404s don’t pass authority and that’s probably a good thing. It still makes sense to optimize your 404 page so users can easily search and find content on your site.

Types of 404s

Google is quick to say that 404s are natural and not to obsess about them. On the other hand, they’ve never quite said that 404s don’t matter. The 2011 Google post on 404s is strangely convoluted on the subject.

The last line of the first answer seems to be definitive but why not answer the question simply? I believe it’s because there’s a bit of nuance involved. And most people suck at nuance.

While the status code remains the same there are different varieties of 404s: external, outgoing and internal. These are my own naming conventions so I’ll make it clear in this post what I mean by each.

Because some 404s are harmless and others are downright dangerous.

External 404s

External 404s occur when someone else is linking to a broken page on your site. Even here, there is a small difference since there can be times when the content has legitimately been removed and other times when someone is linking improperly.

External 404 Diagram

Back in the day many SEOs recommended that you 301 all of your 404s so you could reclaim all the link authority. This is a terrible idea. I have to think Google looks for sites that employ 301s but have no 404s. In short, a site with no 404s is a red flag.

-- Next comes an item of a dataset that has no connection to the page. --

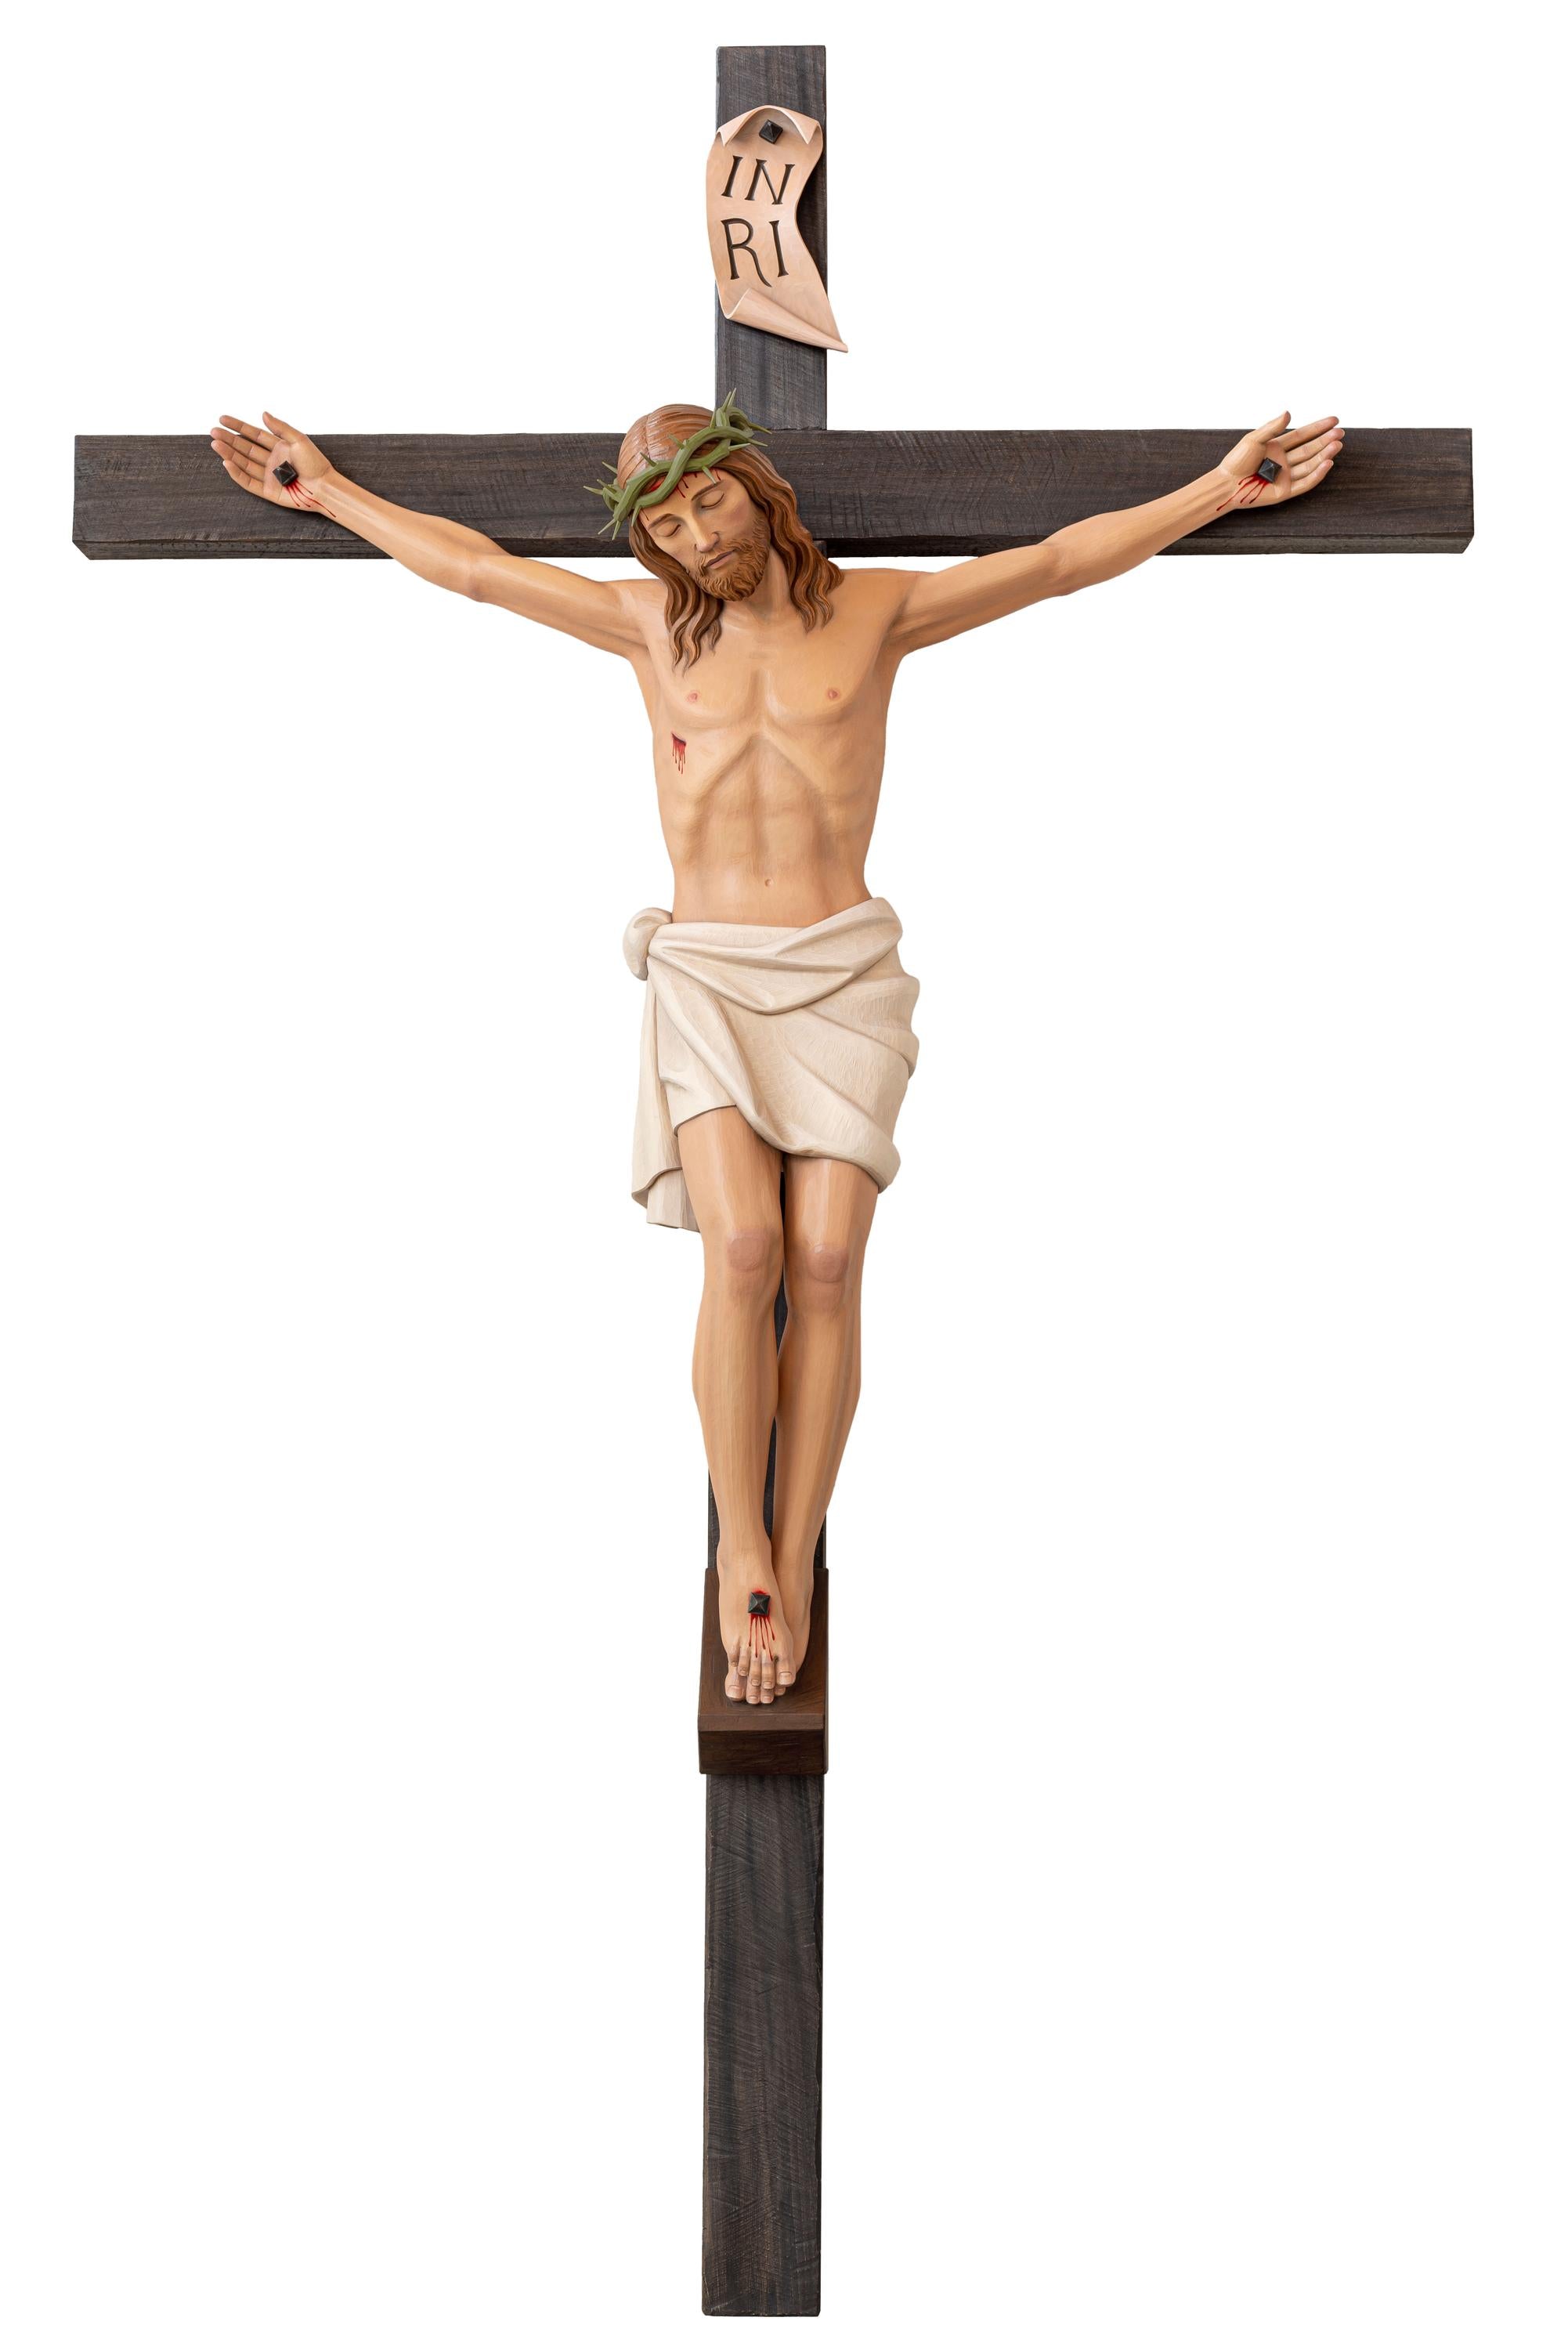 crucifix-demetz-italian-290-15.jpg

A request for domain.com/foobar should return a 404. Of course, if you know someone is linking to a page incorrectly, you can apply a 301 redirect to get them to the right page, which benefits both the user and the site’s authority.

External 404s don’t bother me a great deal. But it’s smart to periodically look to ensure that you’re capturing link equity by turning the appropriate 404s into 301s.

Outgoing 404s

Outgoing 404s occur when a link from your site to another site breaks and returns a 404. Because we know how often links evaporate this isn’t uncommon.

Outgoing 404 Diagram

Google would be crazy to penalize sites that link to 404 pages. Mind you, it’s about scale to a certain degree. If 100% of the external links on a site were going to 404 pages then perhaps Google (and users) would think differently about that site.

They could also be looking at the age of the link and making a determination on that as well. Or perhaps it’s fine as long as Google saw that the link was at one time a 200 and is now a 404.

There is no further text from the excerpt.